Isomorphisms in the localization of a category
Let $\mathcal{C}$ be a category, let $S \subseteq \operatorname{mor} \mathcal{C}$, and let $\bar{S}$ be the class of all morphisms in $\mathcal{C}$ that become invertible in $S^{-1} \mathcal{C}$. As t.b. pointed out in the comments, the 2-out-of-6 property + a three-arrow calculus is enough to guarantee $S = \bar{S}$, i.e. that the morphisms in $\mathcal{C}$ that become invertible in $S^{-1} \mathcal{C}$ are precisely the ones in $S$. (Note that the 2-out-of-6 property is a necessary condition).
If you are willing to take the fundamental theorem of three-arrow calculi (i.e. the one that gives necessary and sufficient conditions for two three-arrow zigzags (i.e. $\bullet \leftarrow \bullet \rightarrow \bullet \leftarrow \bullet$) to represent the same morphism) for granted, this is actually quite straightforward: see e.g. Proposition 36.4 in [Dwyer, Hirschhorn, Kan, and Smith] or proposition 3.5.10 in my notes.

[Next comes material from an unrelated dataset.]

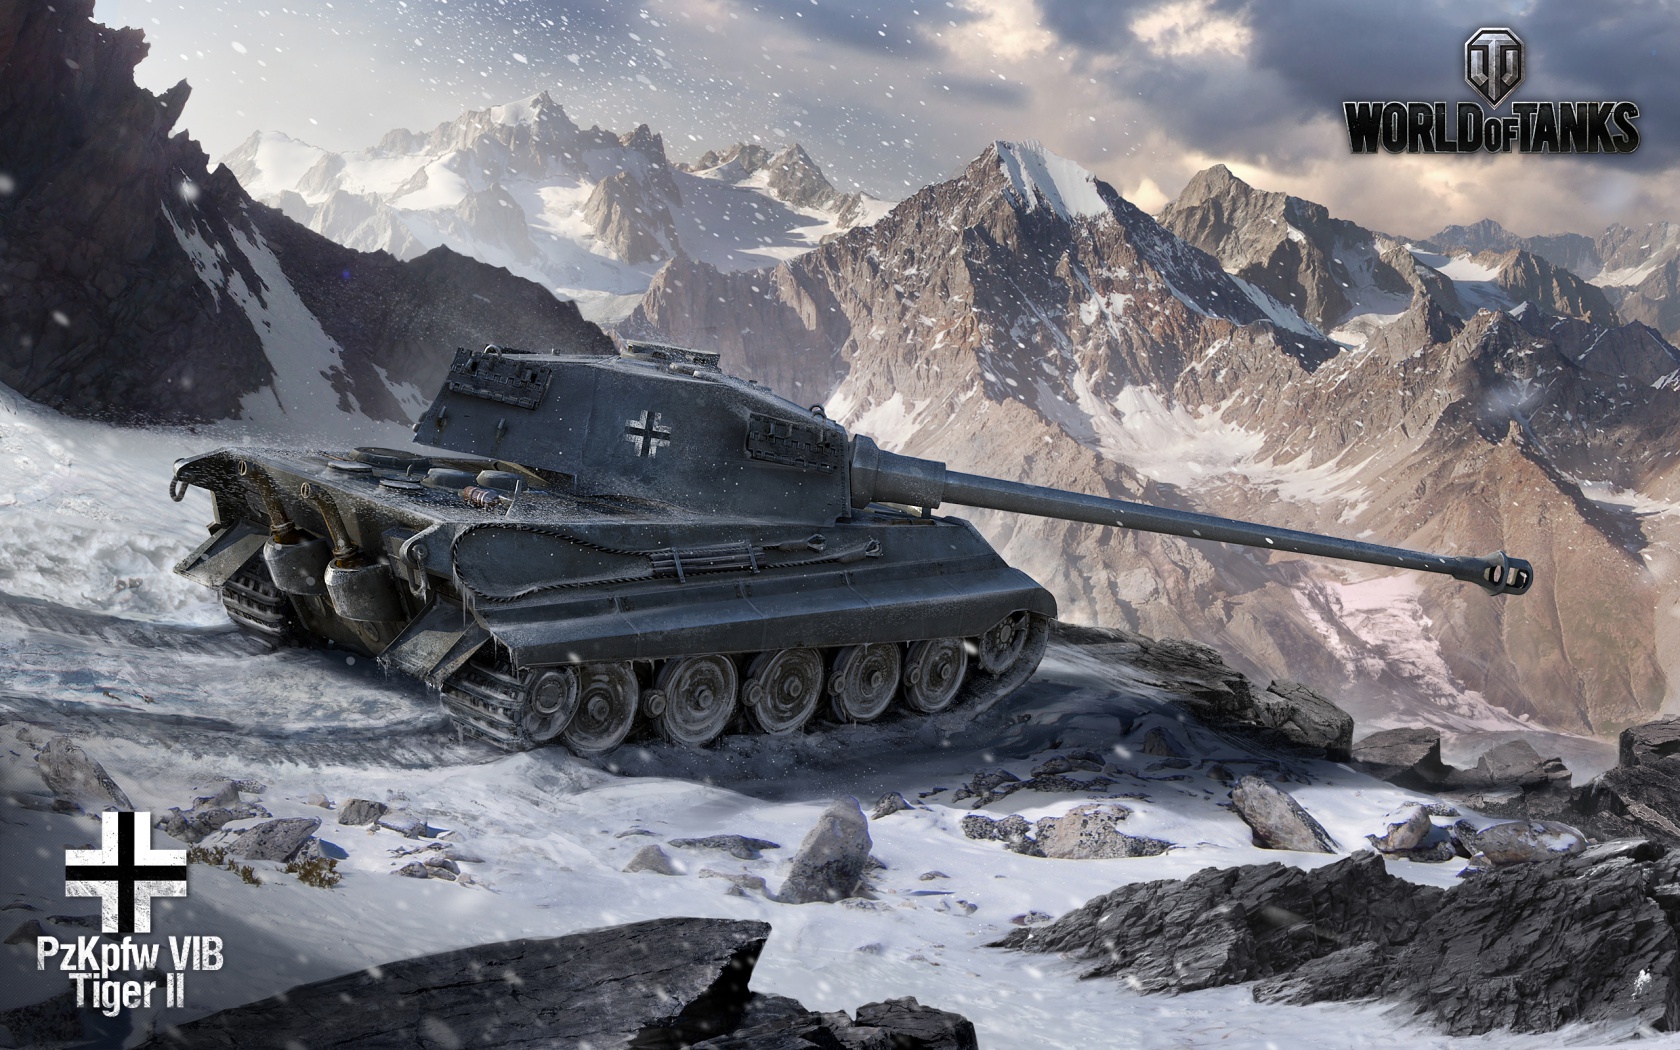 World of Tanks King Tiger wallpaper desktop background in 1680x1050

The difficulty in the general case seems to boil down to the fact that the zigzag representing an inverse in $S^{-1} \mathcal{C}$ for a morphism in $\bar{S}$ may not consist of only morphisms in $\bar{S}$ (let alone $S$). A trivial example of this is the case where $S = \emptyset$ or $S = \{ \text{identities} \}$. However, observe that a three-arrow zigzag that represents an isomorphism in $S^{-1} \mathcal{C}$ necessarily consists of only morphisms in $\bar{S}$. This, I suppose, is the significance of 3.
Rather curiously, the fact that $\bar{S}$ is closed under retracts seems to play no role. For the record, let me point out that the 2-out-of-6 property does not imply closure under retracts. Consider the following category $\mathcal{C}$, $$\begin{array}{ccccc} X' & \to & X & \to & X' \\ \downarrow & & \downarrow & & \downarrow \\ Y' & \to & Y & \to & Y' \end{array}$$ where the composite across the top row is $\mathrm{id}_{X'}$ and the composite across the bottom row is $\mathrm{id}_{Y'}$, but $X' \to X$ and $Y' \to Y$ are not isomorphisms. Let $S$ be the set of all identity morphisms in $\mathcal{C}$, plus the morphism $X \to Y$. Then $S$ has the 2-out-of-6 property (because none of the morphisms in $S$ admit any non-trivial factorisation) but is not closed under retracts.
There is a small sliver of hope, though. Observe that the class of pairs $(\mathcal{C}, S)$ where $S = \bar{S}$ is closed under arbitrary products. (See lemma 3.1.11 in my notes.) Let us say that $(\mathcal{C}, S)$ is saturated if $S = \bar{S}$. The functor $(\mathcal{C}, S) \mapsto S^{-1} \mathcal{C}$ is a left adjoint, so it preserves colimits. In particular, it preserves filtered colimits. Moreover, given a small filtered diagram $\mathcal{A}_\bullet : \mathcal{J} \to \mathbf{Cat}$, a morphism in ${\varinjlim}_\mathcal{J} \mathcal{A}_\bullet$ is an isomorphism if and only if it is the image of an isomorphism in some $\mathcal{A}_j$; thus, filtered colimits preserve the property of being saturated. Hence, the class of pairs $(\mathcal{C}, S)$ where $S = \bar{S}$ is closed under ultraproducts. It is not hard to see that $(\mathcal{C}, S)$ is saturated if and only if some ultrapower is saturated, so the Keisler–Shelah theorem implies the class of saturated $(\mathcal{C}, S)$ is closed under elementary equivalence. It is therefore an elementary class, i.e. axiomatisable by a theory in the first-order language of categories with an extra unary predicate. Perhaps someone clever will be able to find an explicit description of this theory.